Monday, June 29, 2009

TX Smart Growth and Houston Urbanism

In case you missed it, Governor Perry vetoed a smart growth bill that came out of the recent legislature (Houston Tomorrow, Kuff, HRG). Setting aside all of the negative impacts that have come from smart growth plans elsewhere (the CA housing bubble, among others), and as relatively toothless as it was, I roughly agree with Perry and the Austin Contrarian that it was a misguided attempt to impose a state solution on what is fundamentally a local problem.

Where I disagree somewhat with AC is his comment on TXDoT and community control of their transportation. While the agency has run a bit roughshod, transportation is fundamentally a network that connects places, and that means it needs a master architect with control rather than every locality going their own way. Think about how master-planned communities prefer cul-de-sacs over street grids - nice for residents, totally unhelpful for people trying to pass through. Imagine that approach on a larger scale. Cities decide they don't like pass-through traffic so they constrict incoming boundry roads to 2-lanes - or worse put big tolls on them. Imagine if Bellaire could decide they don't like the 610 loop and they tore down the segment inside their city limits? Everybody wants the big infrastructure somewhere else - NIMBYism run amok is what we'd get. TXDoT has to have the power to break through those NIMBY barriers, even if it's not always pretty.
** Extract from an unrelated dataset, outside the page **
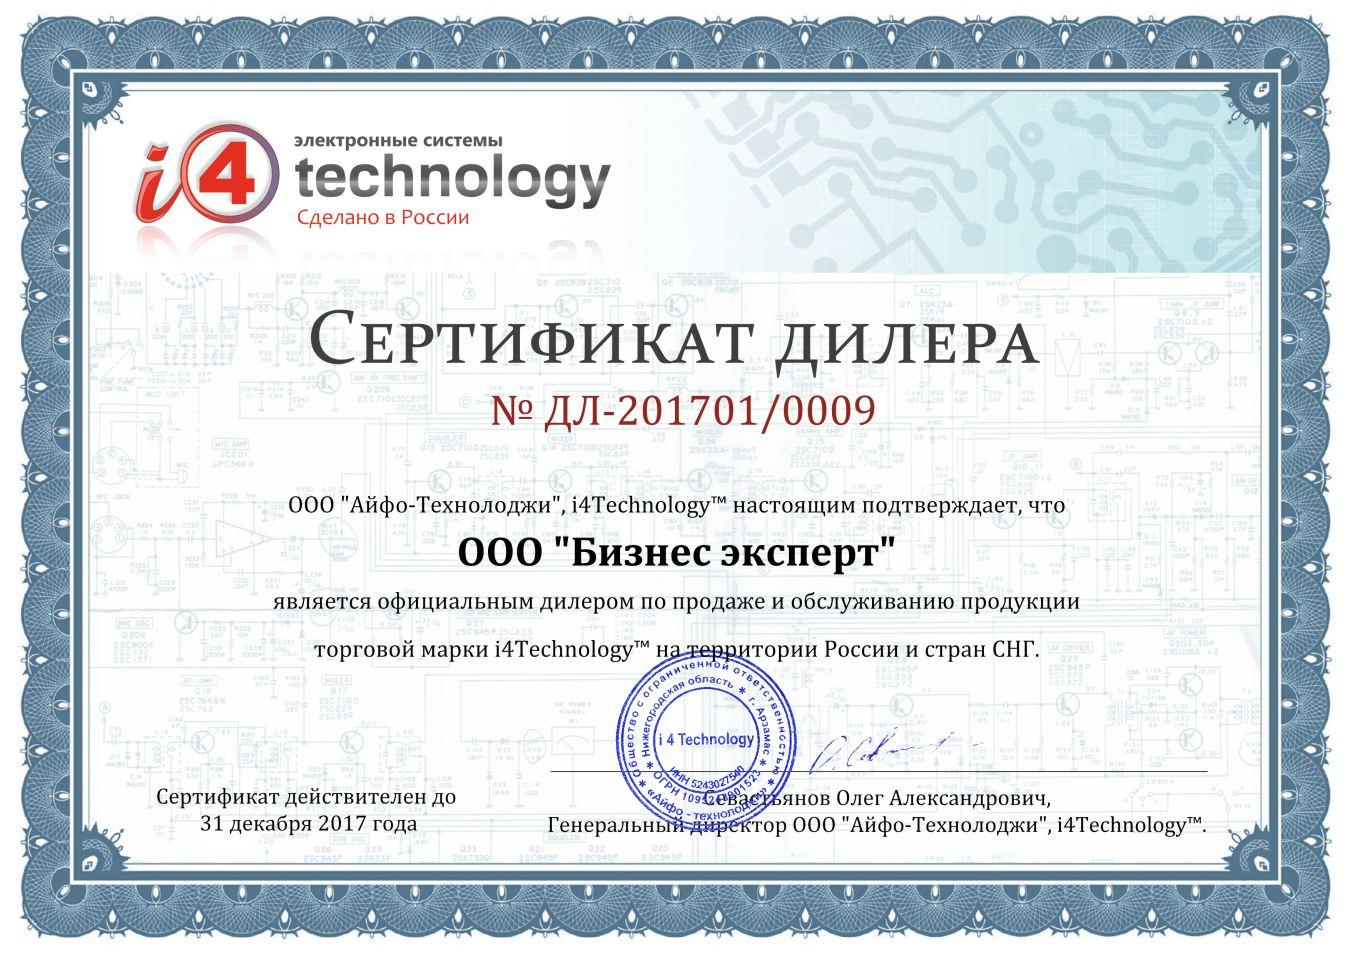 Сертификат дилера, дающий нашему интернет-магазину права на реализацию и обслуживание товаров под брендом i4technology

You might have also caught the Chronicle's front page story today on coming changes to our development code. Given the success of what we've seen inside the Loop, I'm all for expanding it out to the Beltway. But I agree refinements might help. Requiring some minimal guest parking is prudent. Make the new higher-density developments retain more runoff and drain it more slowly to prevent flooding. A simple barrel or underground tank linked to the gutter system should do it. If trees are removed, require the developer to sponsor new equivalent greenery coverage on site or elsewhere in the neighborhood (street medians, bayou edges, parks, etc.). These are relatively minor costs that would mitigate most of the issues.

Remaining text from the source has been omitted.